Deployed, can retest now.

Elitre added a comment.Apr 3 2015, 1:51 PM

10.1038/scientificamerican0200-90 still not working.
10.2307/3677029 still says "JSTOR: An Error Occurred Setting Your User Cookie" .
10.1542/peds.2007-2362 still gives " Check date values in: |date= (help)" .

Note that you get the JSTOR error when using a standard JSTOR URL as well, like http://www.jstor.org/stable/25177324 - should that get a separate bug open?

Elitre added a comment.Apr 3 2015, 4:19 PM

The problem lies within CS1 templates like the Cite journal one, which do not accept dates with slashes, and is quickly fixed by replacing them with dashes (this is explained in https://en.wikipedia.org/wiki/Help:CS1_errors#bad_date , and it's good that the error message links to the explanation page, on en.wiki). So I don't know if this can be solved by changing the templates, or by having Citoid convert the date to an accepted format - I suspect the former. I can fork this task if Marielle says it's needed.

Mvolz added a comment.Apr 3 2015, 4:43 PM

It's possible we've been IP blocked by JSTOR, see: T88323.

@Elitre, open up a ticket for the dates, we should be validating date fields.

Mvolz added a comment.Apr 3 2015, 4:46 PM

Re: cookies issue, we have a ticket for that: T93877

Mvolz added a comment.Apr 7 2015, 12:59 PM

The problem with the scientific american one is it resolves to a pdf that requires you to log-in to access. 10.1038/scientificamerican0200-90

http://www.nature.com/scientificamerican/journal/v282/n2/pdf/scientificamerican0200-90.pdf

That website gives us a 401 response code, so we won't try to scrape it. If it had resolved to an actual pdf, we wouldn't be able to scrape that either, because we can't scrape actual pdfs.

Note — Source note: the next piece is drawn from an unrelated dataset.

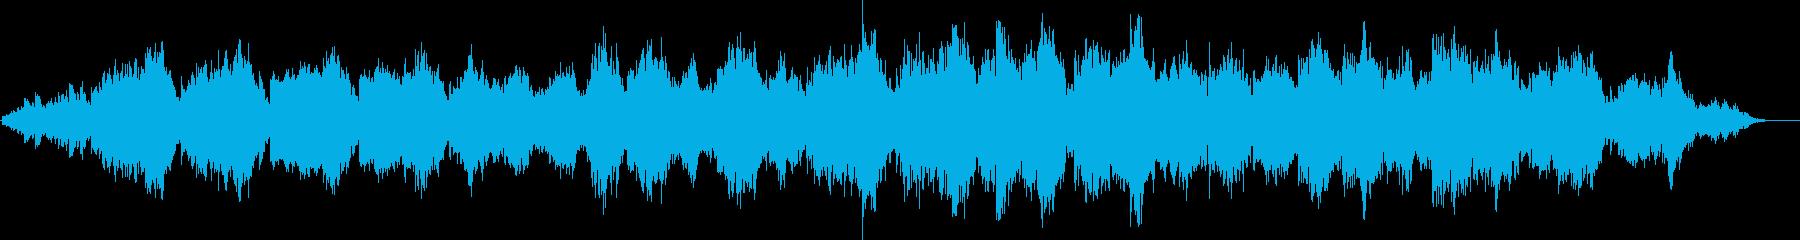 エレクトロ 交響曲 広い 壮大 ほ...の再生済みの波形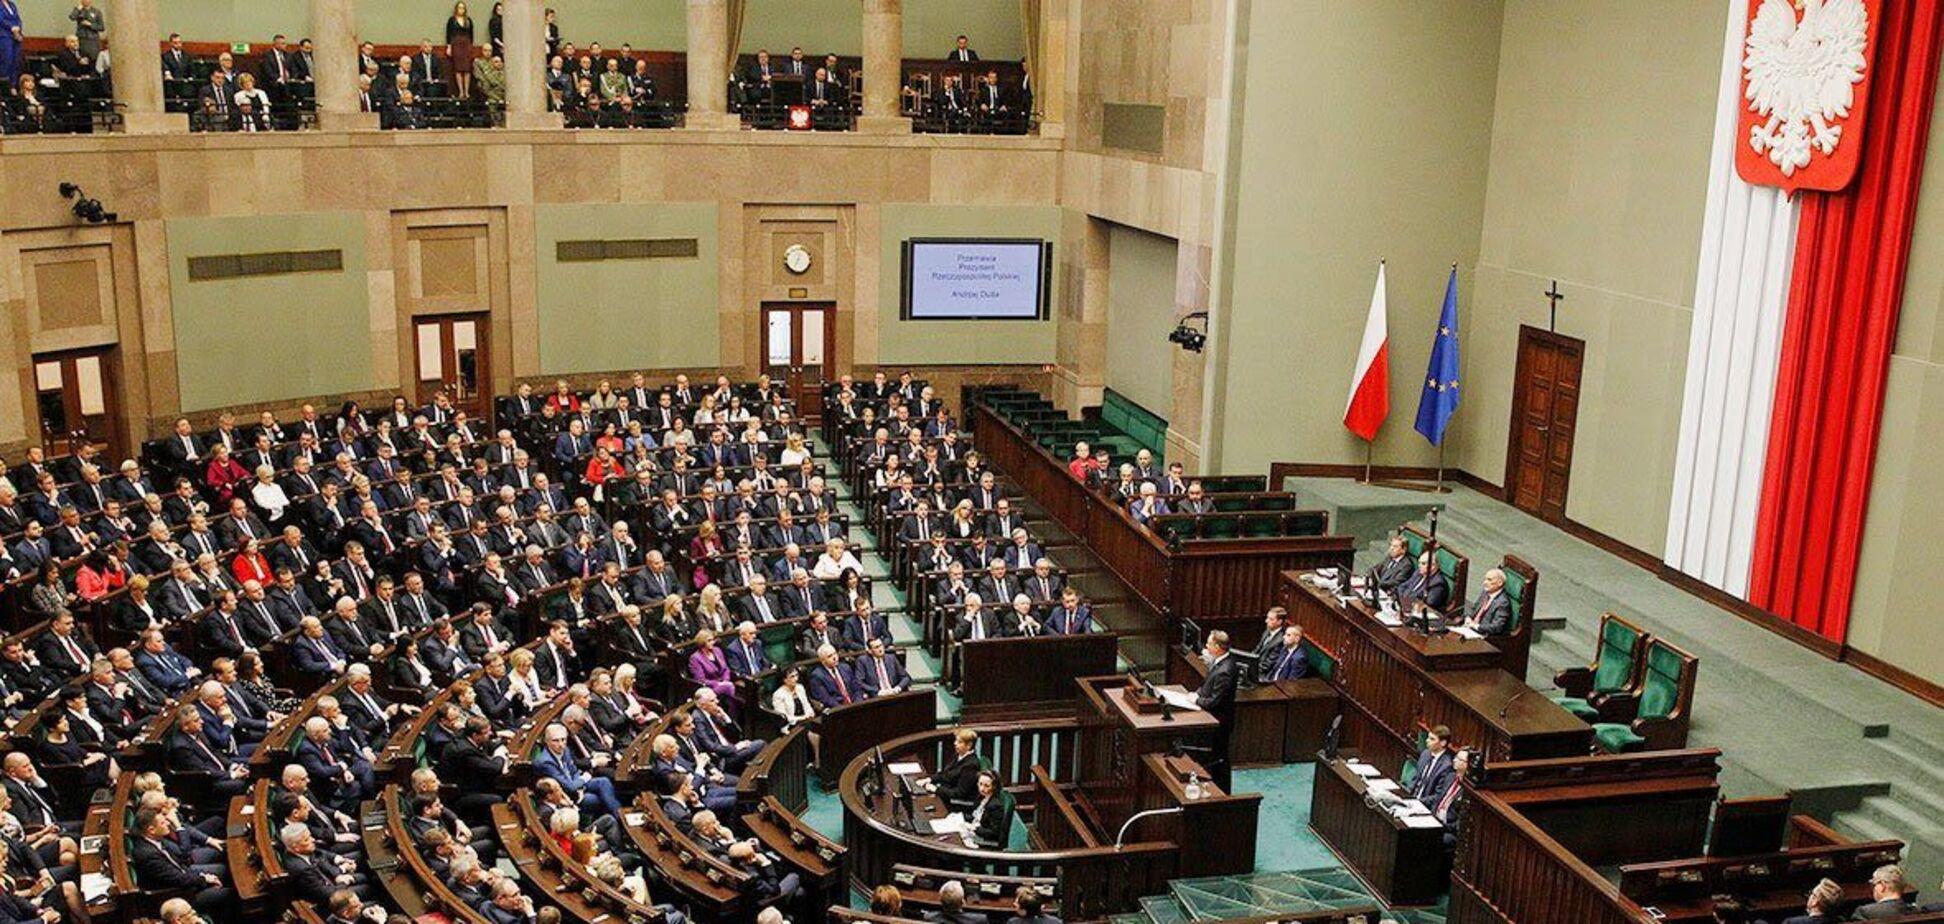 В парламентской группе Сейма Польши по поддержке 'Бабьего Яра' почтили память повстанцев в Варшавском гетто

In the future we may try to scrape data from certain non-200 response codes and try to generate a citation anyway, but probably not now. You could try filing this one as a site specific issue, as all these dois are probably bad since they try to point to pdfs that you we can't scrape, but I doubt much progress will be made here. Scientific american should make their DOIs point to abstract pages instead of log-in only pdfs :).

Mvolz updated the task description. (Show Details)Apr 7 2015, 1:02 PM
Mvolz set Security to None.
Jdforrester-WMF closed this task as Resolved.Jul 16 2015, 1:39 PM
Jdforrester-WMF claimed this task.
Jdforrester-WMF added a subscriber: Jdforrester-WMF.

Checked all three DOIs; they now all work as expected.

Jdforrester-WMF edited a custom field.